USDA allocates new funding to combat wildfire risk in Nevada, California; Natural Resources and Environment under secretary says funding plus investments under way could help Forest Service potentially quadruple fuels, forest health treatments in West

Sample article from our Forestry & Timberland

WASHINGTON , March 14, 2022 (press release) –

Posted by Forest Service Intermountain Region Public Affairs in Conservation Forestry

During his first visit as Under Secretary for Natural Resources and Environment, Dr. Homer Wilkes announced additional funding to combat wildfire in Nevada and California.

At a stop at the Spring Mountains National Recreation Area in Mt. Charleston, Nevada, Dr. Wilkes announced the Humboldt-Toiyabe National Forest and partners will receive nearly $4 million for post-wildfire restoration. Part of that funding will repair a well from which firefighting aircraft draw water to protect the community.
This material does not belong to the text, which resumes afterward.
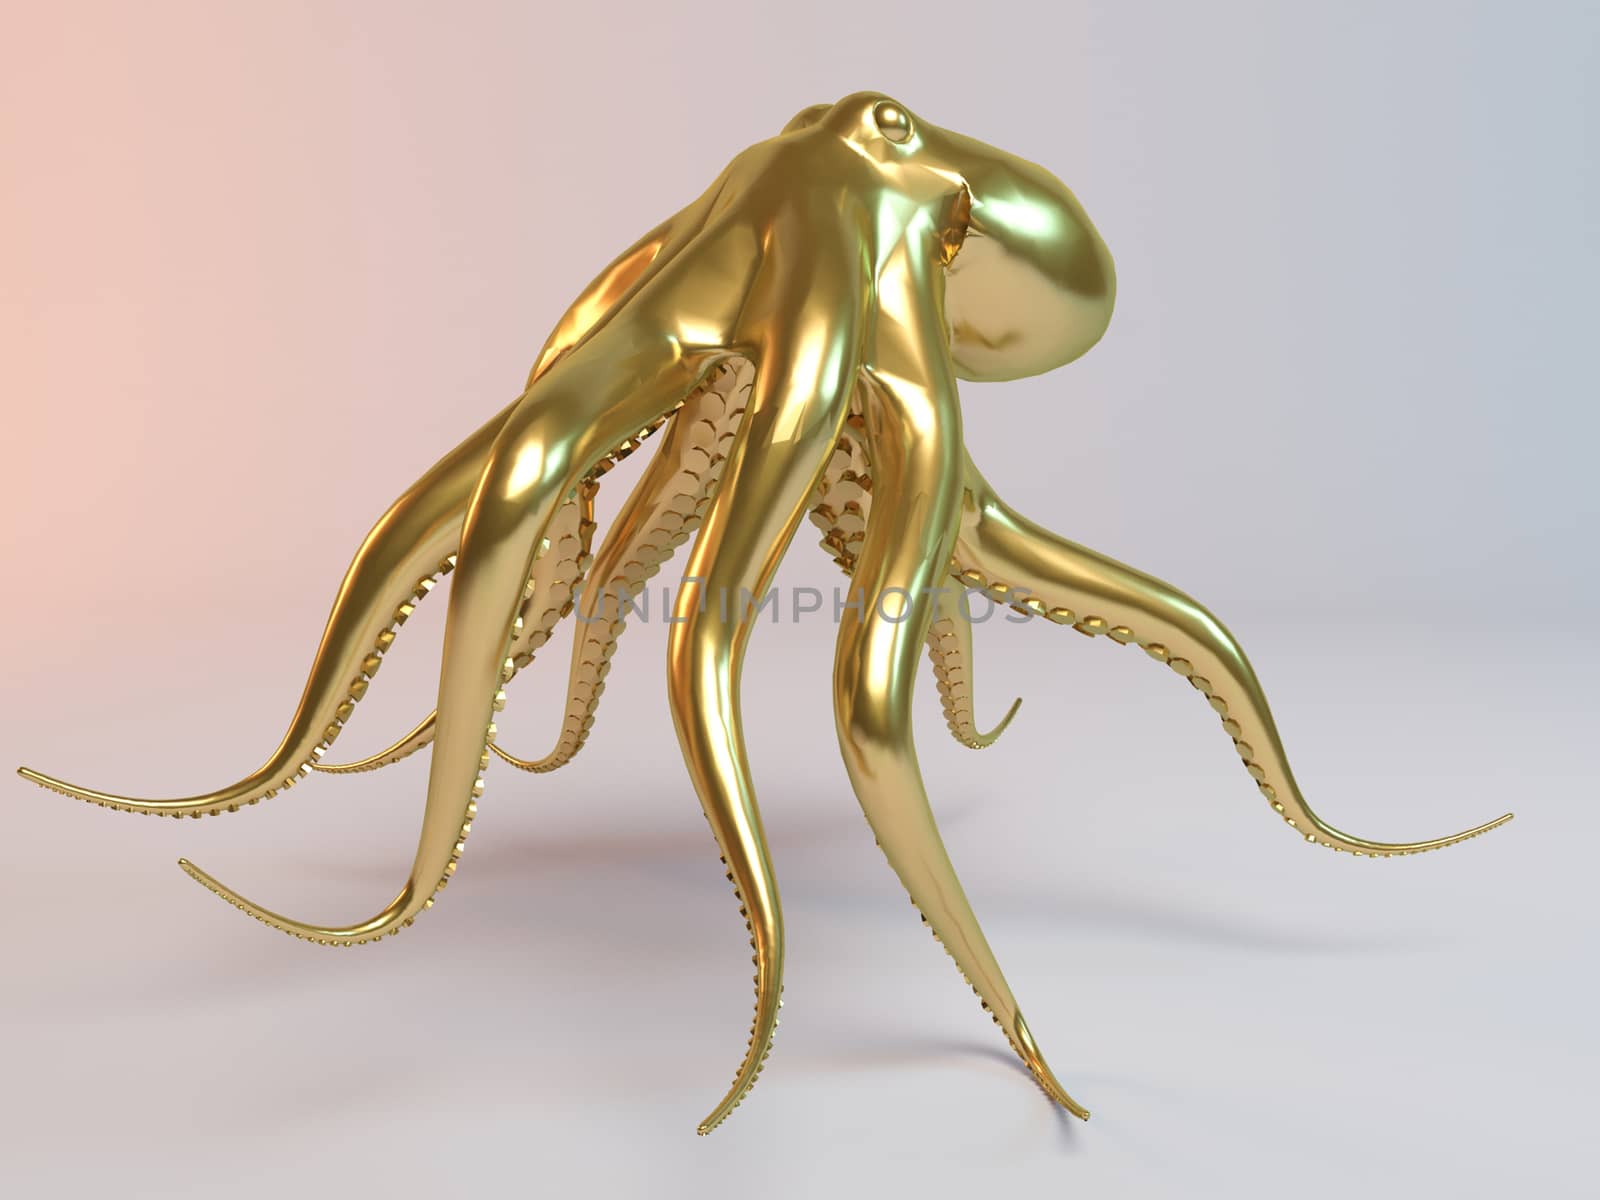 Golden 3D animal octopus inside a stage with high render quality to be used as a logo, medal, symbol, shape, emblem, icon, business, geometric, label or any other use

Dr. Wilkes said these funds along with other major investments and initiatives already underway could help the Forest Service potentially quadruple fuels and forest health treatments in the West.

“The Infrastructure Law and the Extending Government Funding and Delivering Emergency Assistance Act of 2021 provide a significant down payment that will go a long way toward funding this work,” Wilkes said.

In addition, Dr. Wilkes announced that USDA selected the Santa Rosa-Paradise Landscape Restoration Project to receive funding under the Joint Chiefs’ Landscape Restoration Partnership. The Joint Chiefs program allows USDA’s Natural Resources Conservation Service (NRCS) and the Forest Service to collaborate with agricultural producers and forest landowners to invest in conservation and restoration at a scale that’s big enough to make a difference.

The Forest Service and NRCS worked with Nevada’s Conservation District Program to develop this project, which will enlist multiple federal, state, Tribal and community partners in work to reduce wildfire risk to communities and tribal lands, improve watershed health, and restore wildlife habitat in rural Humboldt County. First-year funding for the project will leverage more than $168,000 in partner contributions alongside nearly $200,000 from the Forest Service and NRCS.

The funding will also help the Humboldt-Toiyabe align with the Forest Service’s recently released 10-year wildfire strategy. It connects to other efforts as well, including Nevada Shared Stewardship, which aims to increase work with partners to reduce fuels and improve forest and rangeland health in the right place and at the right pace and scale.